Страница 95 из 99
И с упоённой энергией полёта врезаясь в это жемчужное облако, птица видела вокруг сверкающие блёстки солнца, и каждая световая капля могла быть родственной душою, которую душа-чибис утратила в далёком прошлом. Окружённая неисчислимым роем искрящихся вспышек, она летела над зелёным полем, которое было разделено ровной полосою асфальтированного шоссе, и по синевато-серой дороге в ту же сторону, куда летела птица, мчался чистенький золотистый автомобиль. Отмеченный милостью доброй смерти, филиппинский богач исходил на смертном одре пронзительными криками чибиса, делясь своей детской радостью со всем остающимся на земле миром людей.
«Пивик кричит, — говорила молоденькая Марина, племянница филиппинца, своей старшей товарке по извозу Царь-бабе. — Пивик кричит, деток ищет. Детки в траве разбежались». И вот, оказывается, пивики-то кричали не потому, что детки потерялись. «Чьи вы? Чьи вы?» — звали они всех тех, которые были когда-то на земле и которых не стало. Чьи вы были, почему вас не стало, куда вы подевались — вот самые простые вопросы, которые и задавала вопленница-душа, обращаясь к высокому небу и просторной земле.
— Кума, ты здесь ли? — первым делом вопросила Марина, когда её, семидесятивосьмилетней покойницею, привезли наконец хоронить на большое деревенское кладбище. Гроб сняли с кузова грузовика и утвердили на двух крашеных табуретках сразу же, как вошли в ворота. Люди отправились рыть могилу в песчаной земле, работёнка была не трудная — все отошли от гроба и оставили Марину одну, вот и не помешал никто ей поговорить с теми, кто раньше неё пристроился на погосте.
— Кума? — повторила Марина, но ответа не дождалась и вдруг спохватилась: — Да что это я? Ведь ты, кума, пока не умерла, живёшь в своей однокомнатной узля метро «Динамо». Прости, кума, прощай. Это я по нечаянности тебя обеспокоила, а не по специальности. Живи себе на белом свете… Теперь я другую скличу. Олёна Дмитриевна, ты здесь ли?
— Здесь я, игде мне быть? — спокойно отозвалась крайняя могила, у самого кладбищенского забора. — Долго тебя дожидалась, омманула ты меня, Марина. Помнишь, посля войны ты съездила по моей просьбушке к племяннице Акульке в её сумасшедший дом? Там цай пила с ними, с сумасшедшими няньками, подхватила себе порцу на руку. Заболела ты, а я помирать собиралась как раз. Цово же ты сказала мне тогда? Не помнишь? Мол, тётка Олёнка, не жить мне долго на свете. Жди, мол, я вскоре буду за тобою. А сама, гляди-ко, до старости дожила, померла-таки на восьмом десятке.

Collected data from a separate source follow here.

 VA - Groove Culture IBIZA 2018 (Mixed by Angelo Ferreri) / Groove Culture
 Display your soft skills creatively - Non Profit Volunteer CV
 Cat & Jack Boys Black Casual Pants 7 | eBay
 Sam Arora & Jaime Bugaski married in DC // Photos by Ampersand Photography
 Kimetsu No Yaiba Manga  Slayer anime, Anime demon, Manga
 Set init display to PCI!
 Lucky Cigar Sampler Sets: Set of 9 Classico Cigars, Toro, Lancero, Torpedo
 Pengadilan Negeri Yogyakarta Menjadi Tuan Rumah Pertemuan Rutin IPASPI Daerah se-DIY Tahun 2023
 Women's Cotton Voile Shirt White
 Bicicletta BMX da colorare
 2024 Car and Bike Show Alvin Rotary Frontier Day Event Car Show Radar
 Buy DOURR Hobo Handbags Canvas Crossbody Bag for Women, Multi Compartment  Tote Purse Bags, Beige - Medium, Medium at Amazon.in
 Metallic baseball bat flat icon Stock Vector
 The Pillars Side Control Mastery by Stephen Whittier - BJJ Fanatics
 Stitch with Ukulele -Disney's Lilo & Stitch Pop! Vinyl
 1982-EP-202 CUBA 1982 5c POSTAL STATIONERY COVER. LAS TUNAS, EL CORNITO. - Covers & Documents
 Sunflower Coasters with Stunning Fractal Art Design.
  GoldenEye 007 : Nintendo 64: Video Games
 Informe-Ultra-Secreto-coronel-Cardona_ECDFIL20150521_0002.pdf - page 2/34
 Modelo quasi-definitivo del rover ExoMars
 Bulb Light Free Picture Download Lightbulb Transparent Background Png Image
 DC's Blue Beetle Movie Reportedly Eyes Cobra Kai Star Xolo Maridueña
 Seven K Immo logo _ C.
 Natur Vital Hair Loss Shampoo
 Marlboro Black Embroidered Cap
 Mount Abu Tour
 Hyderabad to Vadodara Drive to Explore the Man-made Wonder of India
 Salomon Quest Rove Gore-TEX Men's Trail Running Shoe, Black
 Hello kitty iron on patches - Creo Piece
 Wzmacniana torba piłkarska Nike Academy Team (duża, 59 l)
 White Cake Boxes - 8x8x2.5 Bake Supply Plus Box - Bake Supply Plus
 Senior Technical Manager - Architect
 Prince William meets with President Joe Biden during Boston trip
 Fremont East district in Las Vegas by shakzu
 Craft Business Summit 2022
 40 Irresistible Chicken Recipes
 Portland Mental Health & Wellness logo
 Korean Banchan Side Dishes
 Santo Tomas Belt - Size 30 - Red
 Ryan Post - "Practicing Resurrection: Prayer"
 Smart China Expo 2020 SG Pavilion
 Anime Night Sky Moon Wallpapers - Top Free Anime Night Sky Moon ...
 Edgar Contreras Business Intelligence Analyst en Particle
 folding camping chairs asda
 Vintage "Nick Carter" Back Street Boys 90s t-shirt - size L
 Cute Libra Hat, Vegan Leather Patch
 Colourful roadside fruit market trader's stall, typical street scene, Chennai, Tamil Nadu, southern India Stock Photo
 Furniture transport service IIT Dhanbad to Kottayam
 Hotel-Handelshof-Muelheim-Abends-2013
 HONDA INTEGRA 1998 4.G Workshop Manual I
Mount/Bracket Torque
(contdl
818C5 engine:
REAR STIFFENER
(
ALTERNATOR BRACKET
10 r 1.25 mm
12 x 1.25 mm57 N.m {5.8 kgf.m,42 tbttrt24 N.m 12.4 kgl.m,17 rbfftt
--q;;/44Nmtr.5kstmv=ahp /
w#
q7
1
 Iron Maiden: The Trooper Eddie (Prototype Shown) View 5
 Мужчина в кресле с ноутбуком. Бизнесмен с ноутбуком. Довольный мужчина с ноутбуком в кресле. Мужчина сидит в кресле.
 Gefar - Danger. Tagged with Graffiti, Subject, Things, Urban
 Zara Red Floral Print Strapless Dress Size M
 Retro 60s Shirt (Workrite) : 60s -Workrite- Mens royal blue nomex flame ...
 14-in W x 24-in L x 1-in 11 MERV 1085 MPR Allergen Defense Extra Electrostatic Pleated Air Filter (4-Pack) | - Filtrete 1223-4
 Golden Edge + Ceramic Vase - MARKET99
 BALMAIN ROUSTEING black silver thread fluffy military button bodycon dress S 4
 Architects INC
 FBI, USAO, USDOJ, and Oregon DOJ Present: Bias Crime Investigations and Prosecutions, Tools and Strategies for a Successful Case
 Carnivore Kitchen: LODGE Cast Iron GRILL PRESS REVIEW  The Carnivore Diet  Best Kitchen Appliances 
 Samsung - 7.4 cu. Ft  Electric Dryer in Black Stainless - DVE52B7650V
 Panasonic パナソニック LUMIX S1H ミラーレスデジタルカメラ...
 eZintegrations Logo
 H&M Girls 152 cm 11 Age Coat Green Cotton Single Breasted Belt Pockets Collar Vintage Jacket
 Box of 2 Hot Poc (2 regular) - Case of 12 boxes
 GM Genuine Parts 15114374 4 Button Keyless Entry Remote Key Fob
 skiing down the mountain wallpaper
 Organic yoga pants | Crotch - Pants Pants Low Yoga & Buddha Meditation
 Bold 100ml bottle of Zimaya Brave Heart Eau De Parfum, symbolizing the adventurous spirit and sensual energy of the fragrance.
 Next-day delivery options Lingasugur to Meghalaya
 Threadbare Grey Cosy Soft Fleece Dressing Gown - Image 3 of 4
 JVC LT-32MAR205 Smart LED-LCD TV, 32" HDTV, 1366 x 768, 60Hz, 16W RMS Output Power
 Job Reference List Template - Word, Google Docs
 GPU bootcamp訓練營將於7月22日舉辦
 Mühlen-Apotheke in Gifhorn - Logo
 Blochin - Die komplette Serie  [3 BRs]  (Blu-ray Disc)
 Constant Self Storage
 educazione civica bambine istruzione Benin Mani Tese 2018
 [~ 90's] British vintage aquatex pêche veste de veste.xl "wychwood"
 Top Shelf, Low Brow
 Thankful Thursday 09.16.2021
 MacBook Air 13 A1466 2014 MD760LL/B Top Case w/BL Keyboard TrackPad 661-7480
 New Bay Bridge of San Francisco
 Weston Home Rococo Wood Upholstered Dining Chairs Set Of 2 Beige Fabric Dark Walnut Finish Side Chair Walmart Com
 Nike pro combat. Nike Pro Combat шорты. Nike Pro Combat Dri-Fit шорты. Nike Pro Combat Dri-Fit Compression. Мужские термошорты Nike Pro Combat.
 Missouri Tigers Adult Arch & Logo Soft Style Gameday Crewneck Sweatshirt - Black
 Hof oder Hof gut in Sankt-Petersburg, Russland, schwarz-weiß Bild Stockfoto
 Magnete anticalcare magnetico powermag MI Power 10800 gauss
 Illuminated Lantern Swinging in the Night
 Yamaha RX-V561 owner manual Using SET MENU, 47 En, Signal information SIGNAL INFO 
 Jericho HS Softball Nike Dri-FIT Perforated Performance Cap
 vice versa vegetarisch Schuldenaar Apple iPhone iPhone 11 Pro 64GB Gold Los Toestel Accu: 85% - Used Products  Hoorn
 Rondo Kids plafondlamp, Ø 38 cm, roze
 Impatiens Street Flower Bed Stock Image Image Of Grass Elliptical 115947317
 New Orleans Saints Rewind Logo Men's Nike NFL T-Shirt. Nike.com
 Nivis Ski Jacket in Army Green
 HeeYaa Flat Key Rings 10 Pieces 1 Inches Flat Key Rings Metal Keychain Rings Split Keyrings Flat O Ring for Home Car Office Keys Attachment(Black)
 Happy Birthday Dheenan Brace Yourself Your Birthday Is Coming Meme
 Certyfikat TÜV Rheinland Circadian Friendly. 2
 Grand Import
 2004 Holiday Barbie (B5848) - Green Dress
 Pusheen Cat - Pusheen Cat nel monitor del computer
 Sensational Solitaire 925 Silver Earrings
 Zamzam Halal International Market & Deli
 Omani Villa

— Ты прости меня, Олёна Дмитриевна, ради Бога прости за этот суровый обман, но я не виноватая! Господь пожалел малых деток, вишь, дал мне выздороветь. А порцию наслали на меня не в сумасшедшем доме, а вовсе другим разом, в другом дому, за хорошим столом. И рука у меня, тётка Олёна, осталась закрученная, кость-то по кусоцкам вышла вместе с гноем. Не могла я, тётка Олёна, рукою этой даже платок поправить на голове или гребешком причесаться.
— Ин ладно, Марина! Своё, знать, прожила на свете, не чужое.
— Какое своё, Олёна Дмитриевна! — стародавним жалобным манером заныла Марина. — Сына ведь здесь схоронила, знаешь поди — сорока лет, чуть больше, преставился, помер от сердца, пил он у меня сильно. Внучка от дочери, дитя двух лет, тоже схоронена здесь. Вон, тётка Олёна, нынче роют-ти могилку и для меня, грешной, рядом с ними лежать буду… А ведь ня думала ня гадала, что сына переживу. Тогда, как рукою болела, кто скажи мне, что я до стольких-то лет доживу — так веришь ли, нет, плюнула бы тому в глаза. Не ври, мол. А вот и дожила. Неужели же, Олёна Дмитриевна, я своими годоцками доживала? Коб не так — ихымя годоцками доживала, которыми они не дожили, мои сердешные. И отец не старый умер посля леворюции, захирел, как всё у него отняли, и мати в тридцатом году, как кулачили, с испугу умерла без срока. Испугалась мати-то на сходе в сельсовете, когда объявили, что голосом её лишают. Мол, кулацкая ты семья, права голосом не имеешь… Вот, и за мать недожитое я дожила, и за отца, за сына и за внучку, Олёна Дмитриевна.
— Теперя, Маринушка, слава богу, рядышком будем лежать.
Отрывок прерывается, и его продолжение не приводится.